-- TASK INSTRUCTIONS --
When you reproduce the data, keep every word exactly as it stands and leave the pictures out.

RECORDED INFORMATION START

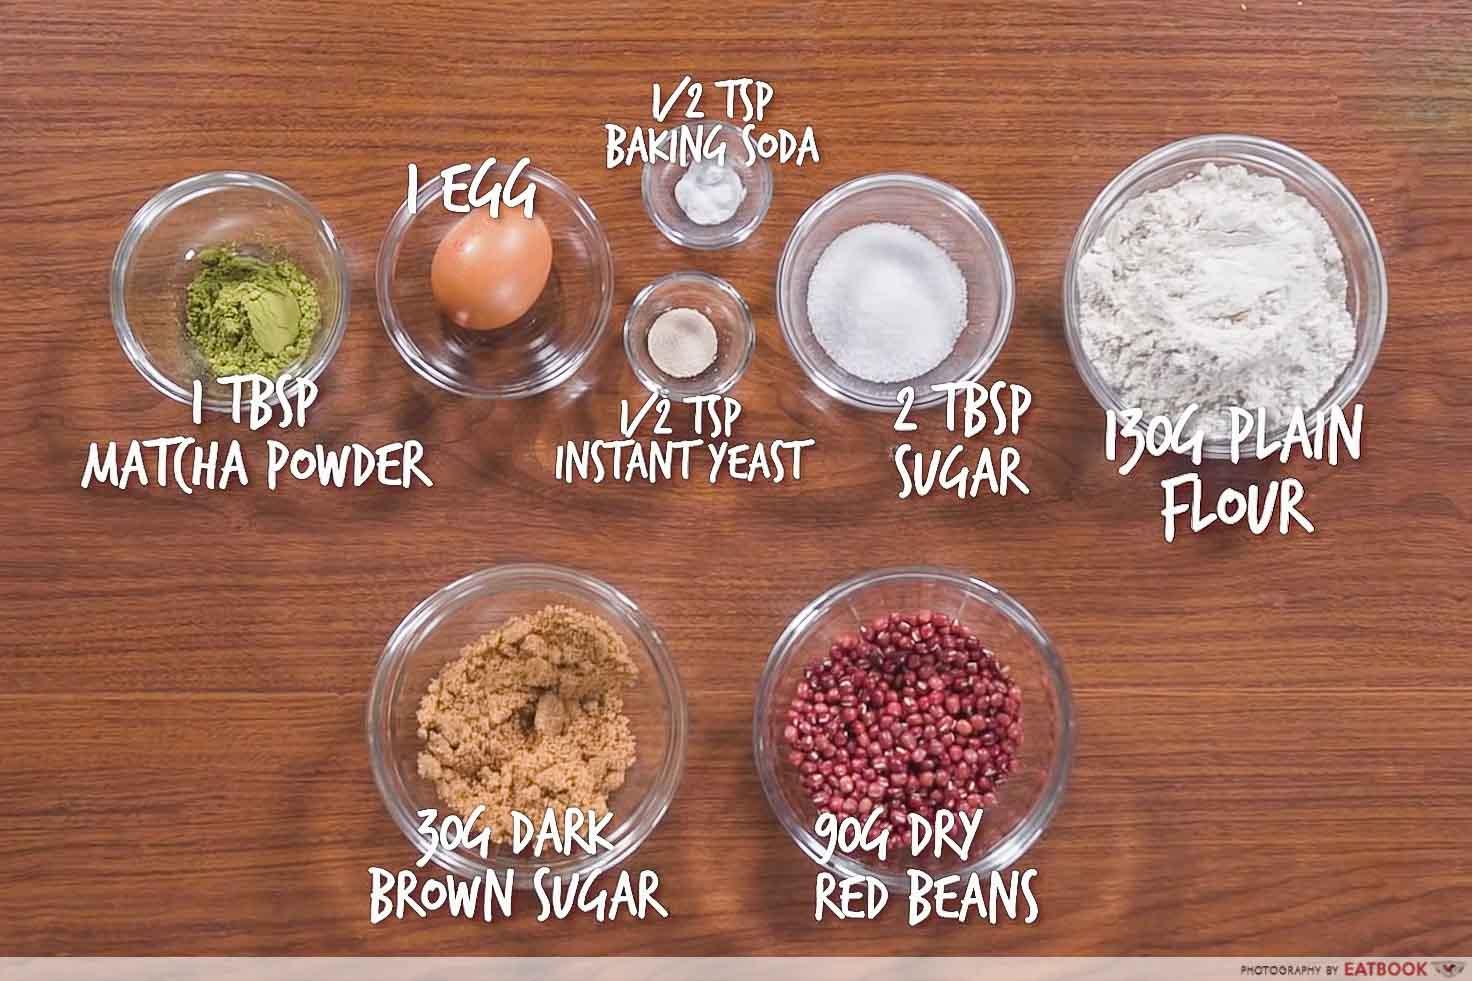 IG-worthy min jiang kueh - red bean mjk ingredients
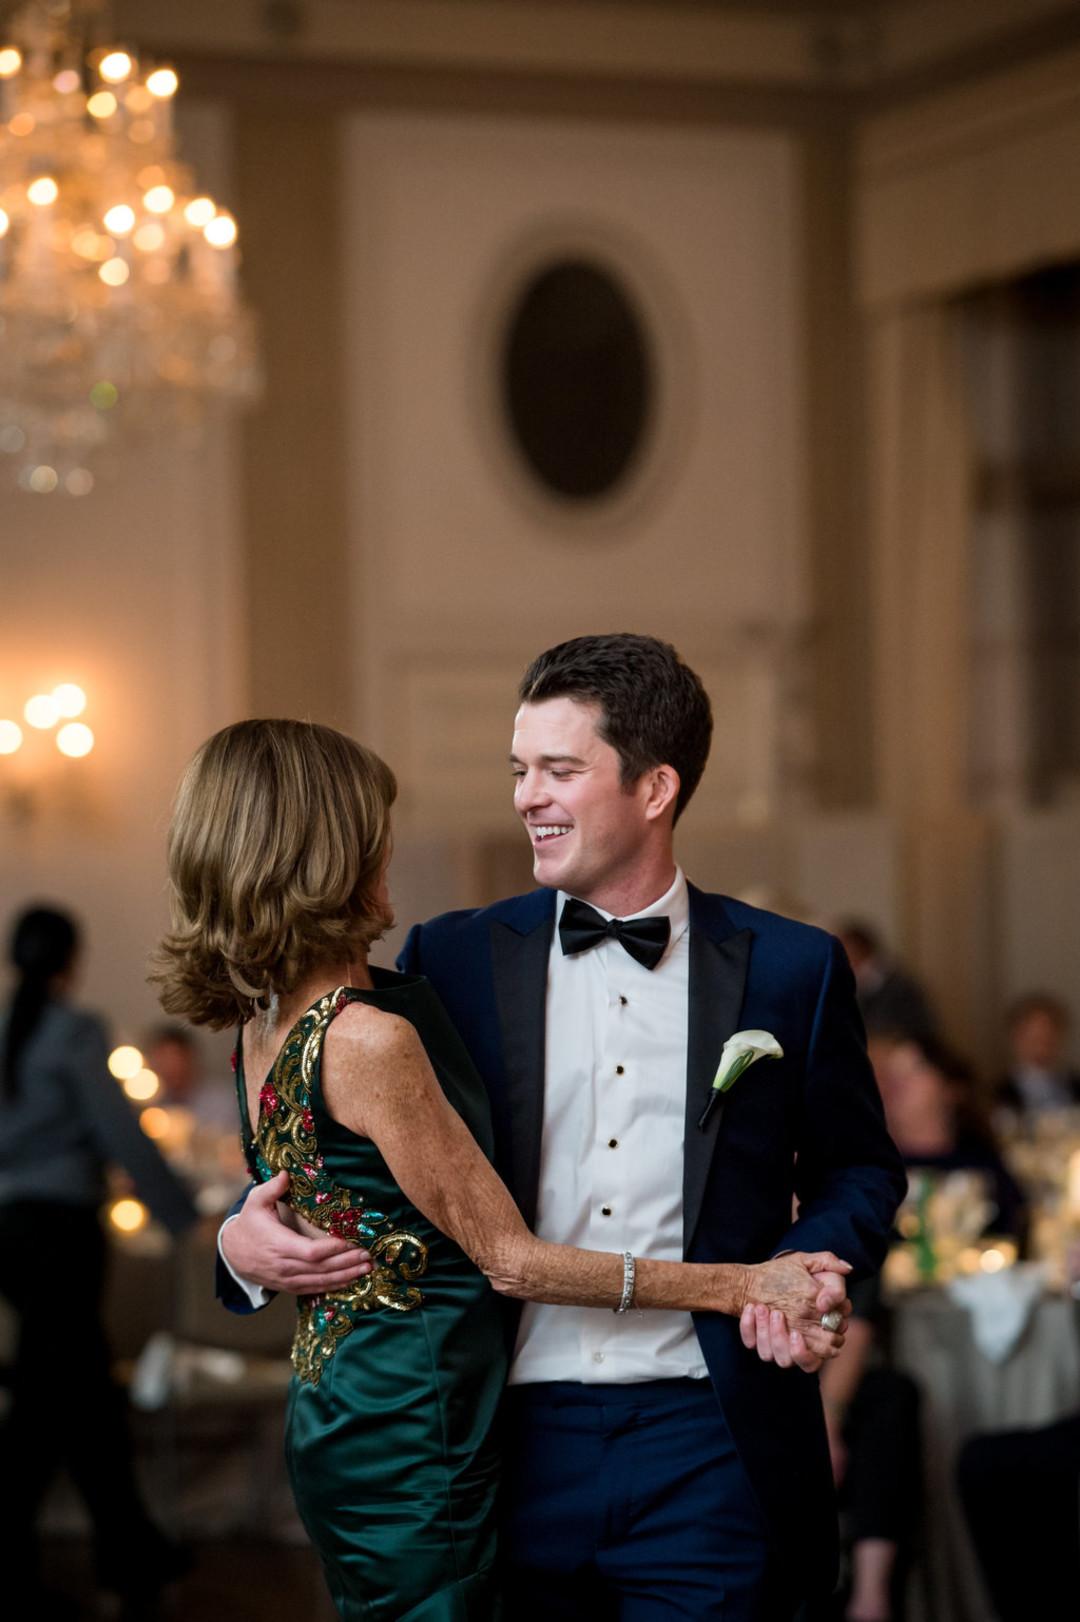 Mother Son Dance The Standard Room Chicago Wedding Julia Franzosa Photography
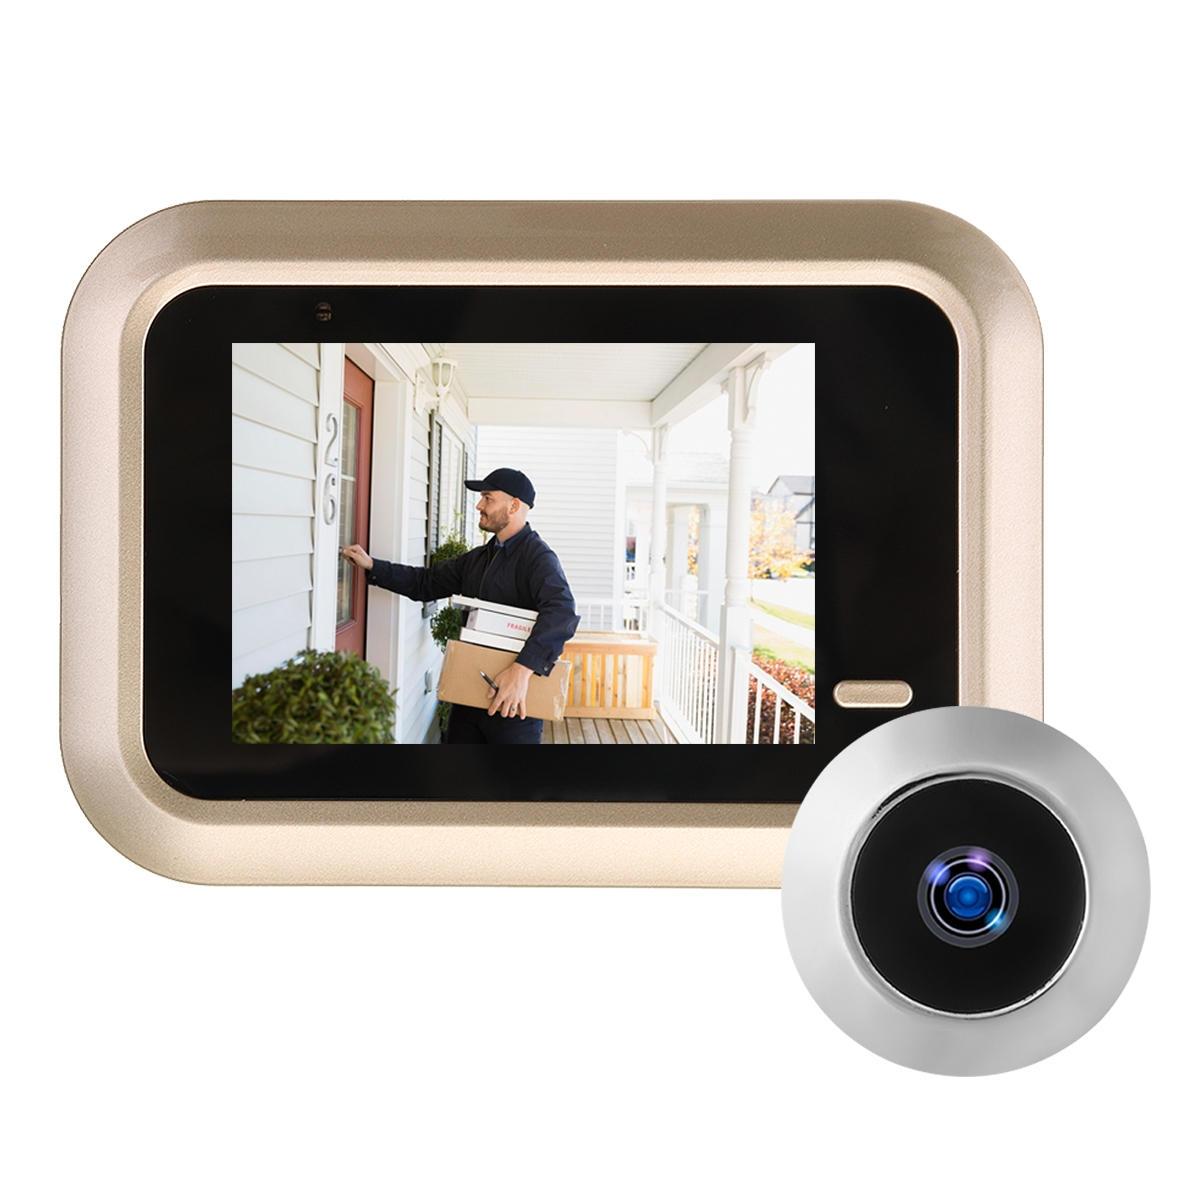 2,4 tums LCD Digital Video Doorbell Viewer Peephole Security Dörrövervakningskamera

RECORDED INFORMATION END

-- THE COMPLETED TASK --
 IG-worthy min jiang kueh - red bean mjk ingredients
 Mother Son Dance The Standard Room Chicago Wedding Julia Franzosa Photography
 2,4 tums LCD Digital Video Doorbell Viewer Peephole Security Dörrövervakningskamera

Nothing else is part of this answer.